How do I prove that a given set is an affine space?

Question

Let $A$ be an affine space over a vector space $V$. Let $B$ be a nonempty subset of $A$ such that $W:=\{a-b\in V:a,b\in B\}$ is a subspace of $V$. In this case, how do I prove that for each $b\in B$ and $y\in W$, $b+y\in B$?

Thank you in advance.

Answer 1

This is wrong, hence you can't prove it :-)

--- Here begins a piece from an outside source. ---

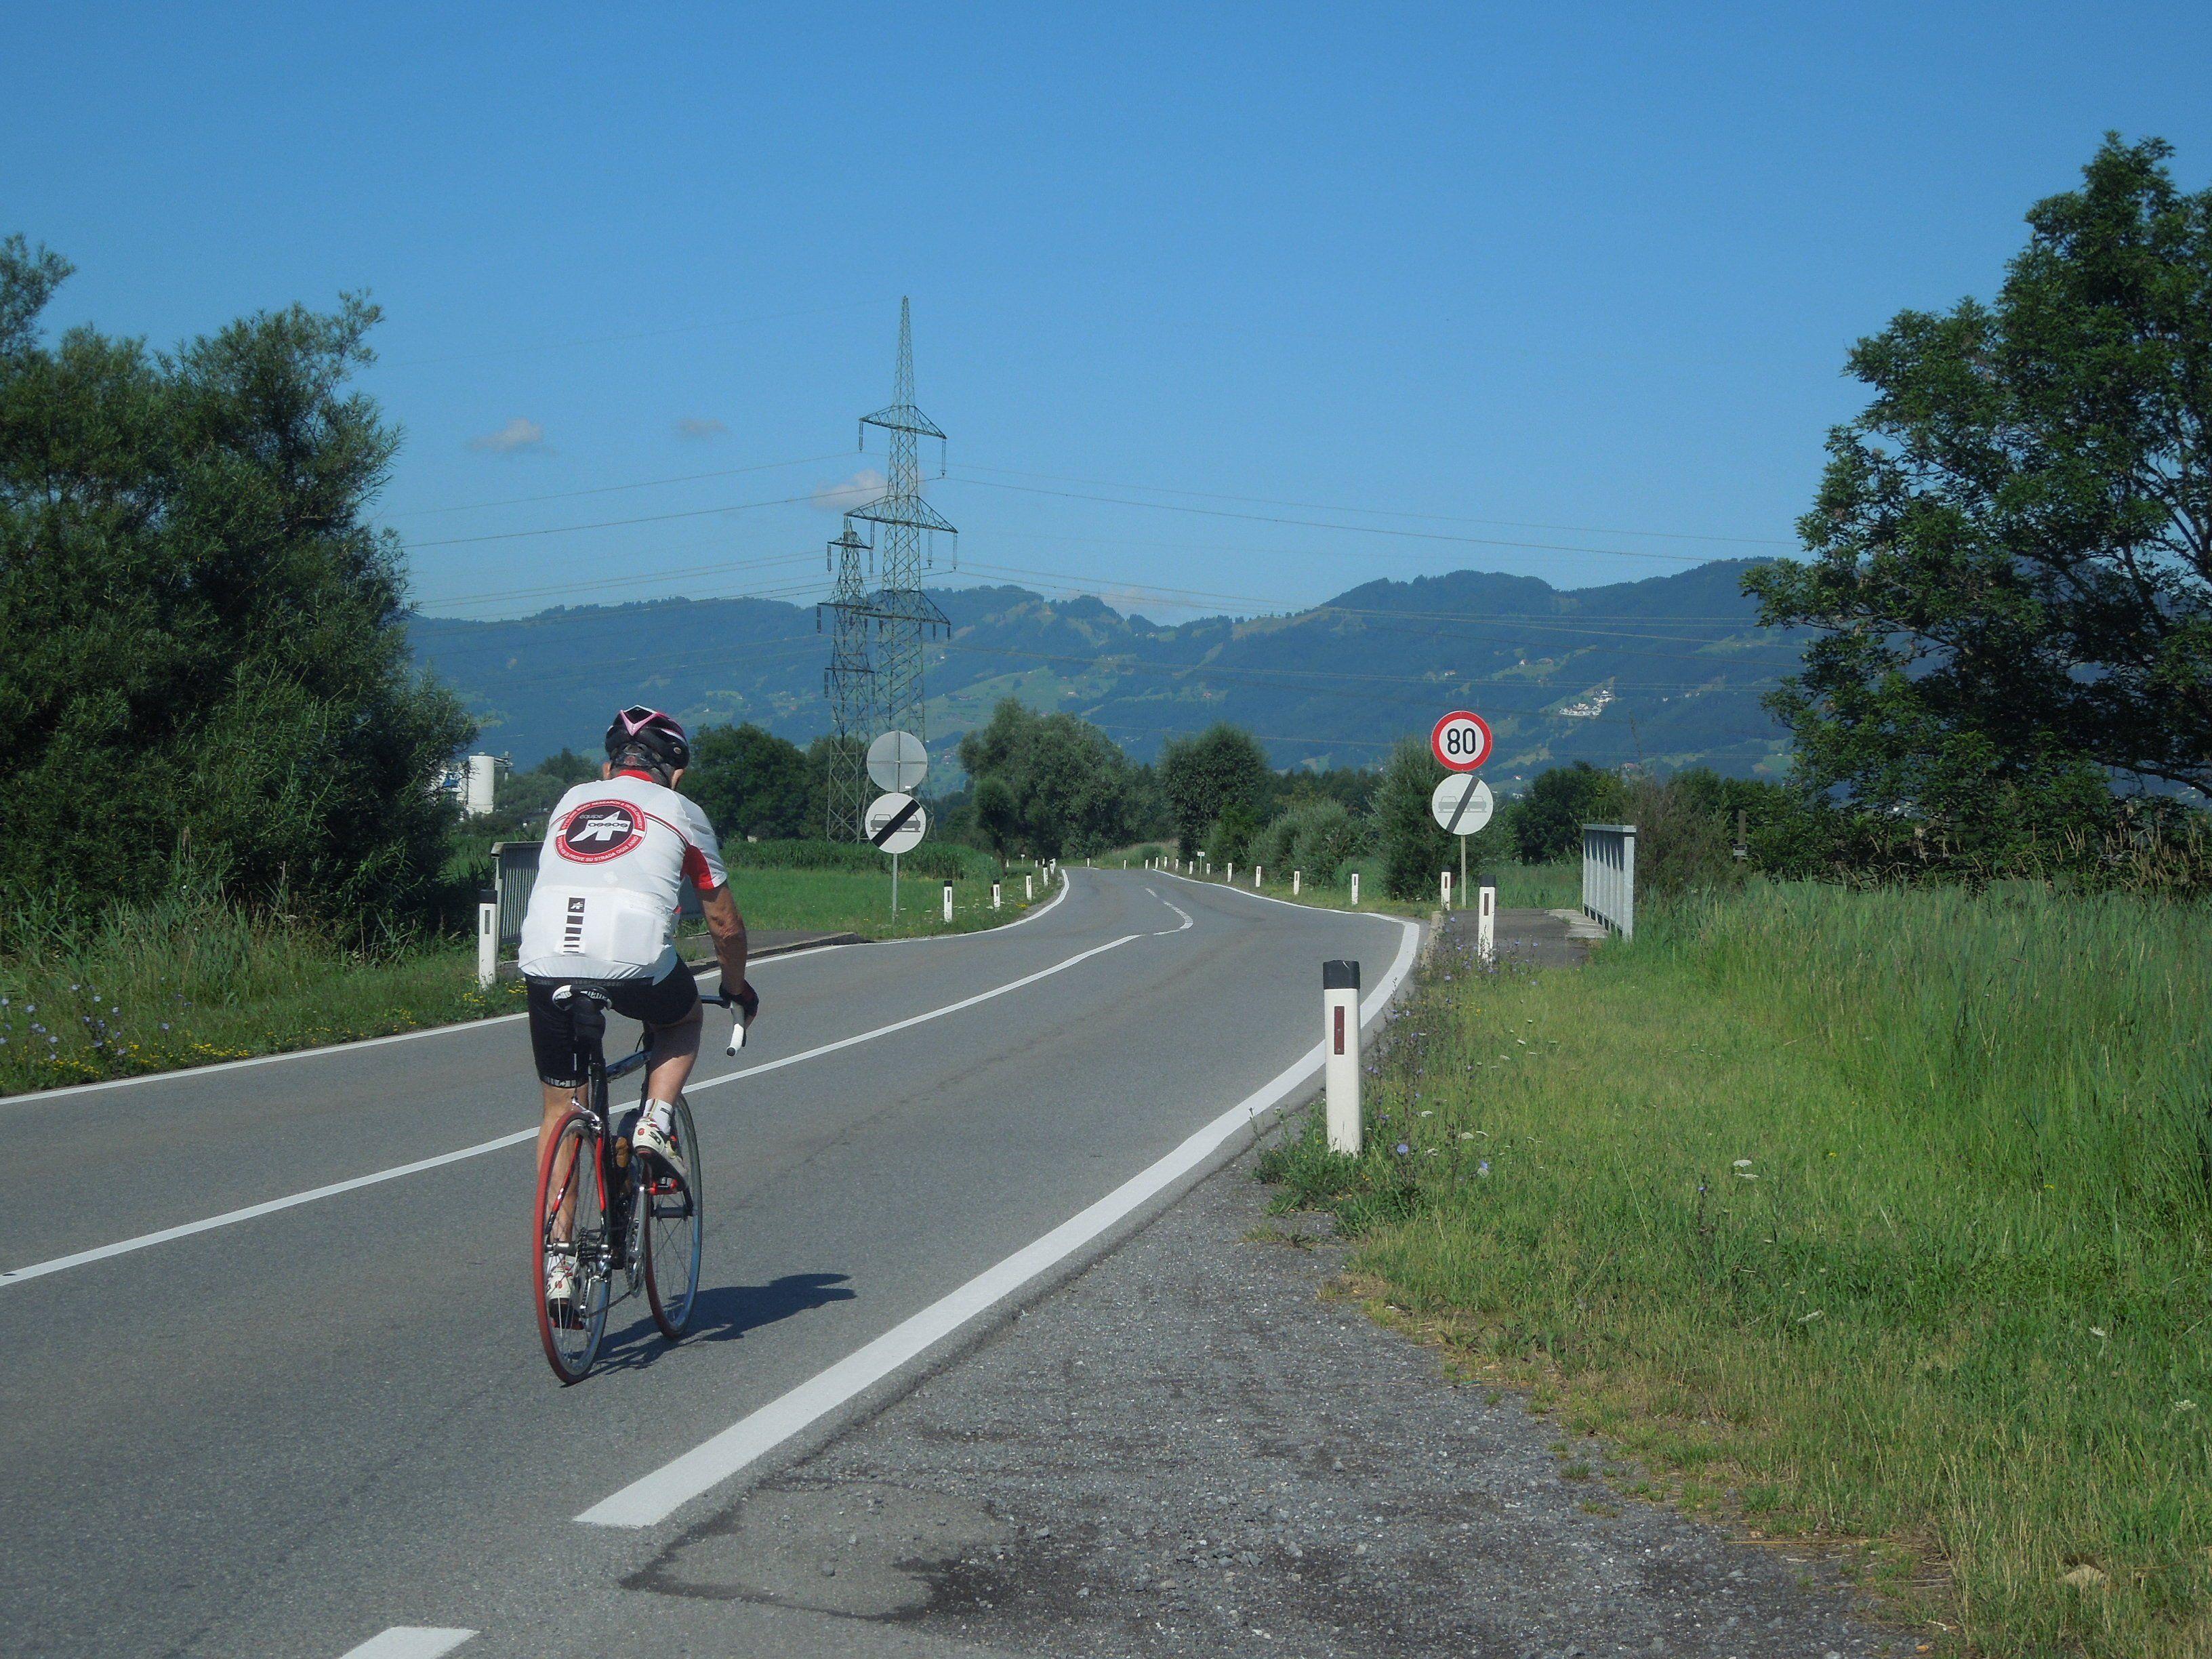 Der Ausbau der Schweizerstraße sieht auch einen begleitenden Radweg vor. Bisher lebten Fahrradfahrer auf dieser Strecke gefährlich.
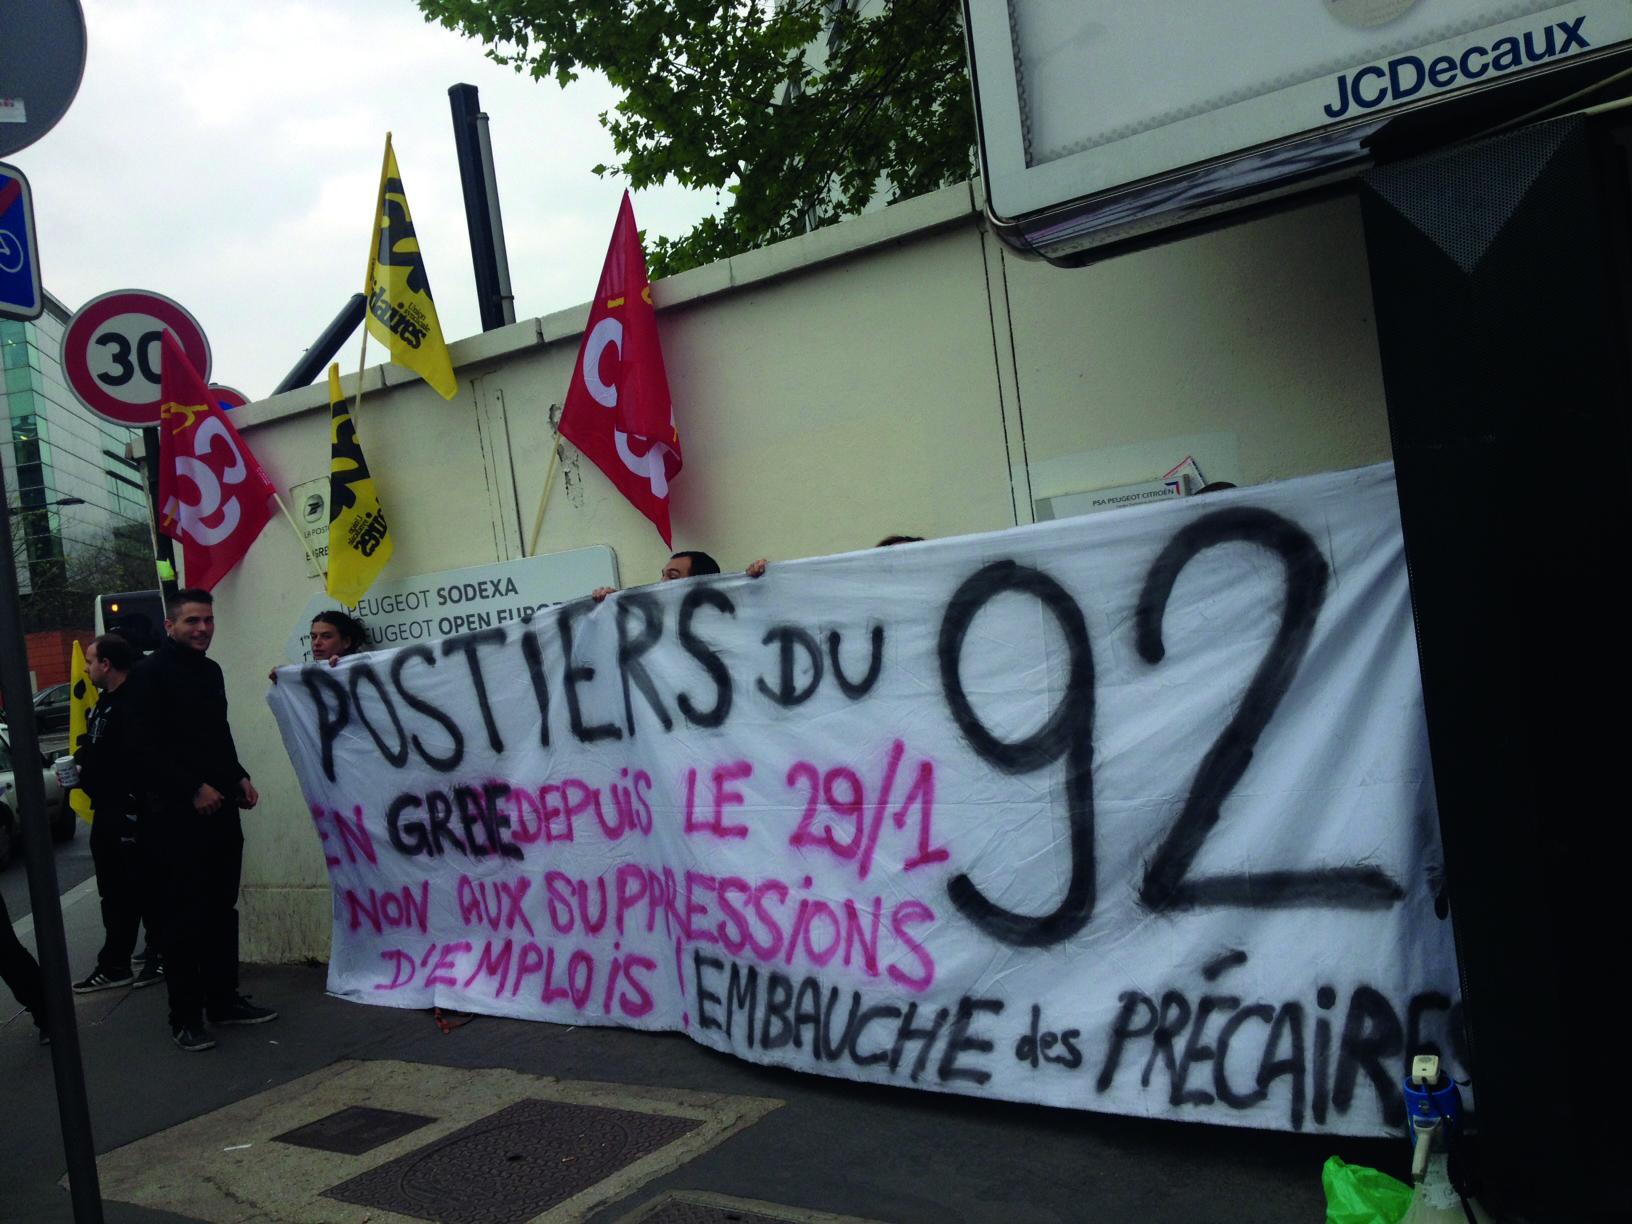 Trois mois de grève des postiers/ères des Hauts-de-Seine

As an example choose $A=V=\mathbb{R}^2$ and $B:=\{(x,y) \ | \ x=0 \lor y=0\}$ as the union of the two axes. You can easily see, that $W=\mathbb{R}^2$ holds (for $v=(x,y)\in V$ take $a=(x,0)$ and $b=(0,-y)$). But obviously $B$ is not an affine space. E.g. $(0,0)+(1,1) =(1,1)\notin B$ but $(0,0) \in B$ and $(1,1) \in W$.

Answer 2

If $B$ is itself an affine space of $V$ and a subset of $A$, then we get the desired conclusion.

Since $A$ is an affine space of $V$, there exists a subspace $U$ of $V$ and a vector $v$ in $V$ such that $A = v + U = \{v + u:u \in U\}.$ Since $B$ is also affine and a subset of $A$, there exists a subspace $U'$ of $U$ such that $B = v + U' = \{v + u':u \in U'\}$. Let $a, b \in B$. Then, there exist $x_a,x_b \in U'$ such that $$ a = v + x_a \\ b = v + x_b. $$ If $y \in W$, there exist $a,b \in B$ such that $y = a - b = (v + x_a) - (v + x_b) = x_a - x_b \in U'$. Let $b = v + x_b' \in B$. Then, $$ b + y = v + x_b' + (x_a - x_b) = v + (x_b' + x_a - x_b). $$ $U'$ is a subspace of $V$, so $U'$ is closed under addition and scalar multiplication. Furthermore, $x_b',x_a,x_b\in U'$. Hence, $(x_b'+x_a-x_b) \in U'$, so $v + (x_b' + x_a - x_b)\in B$.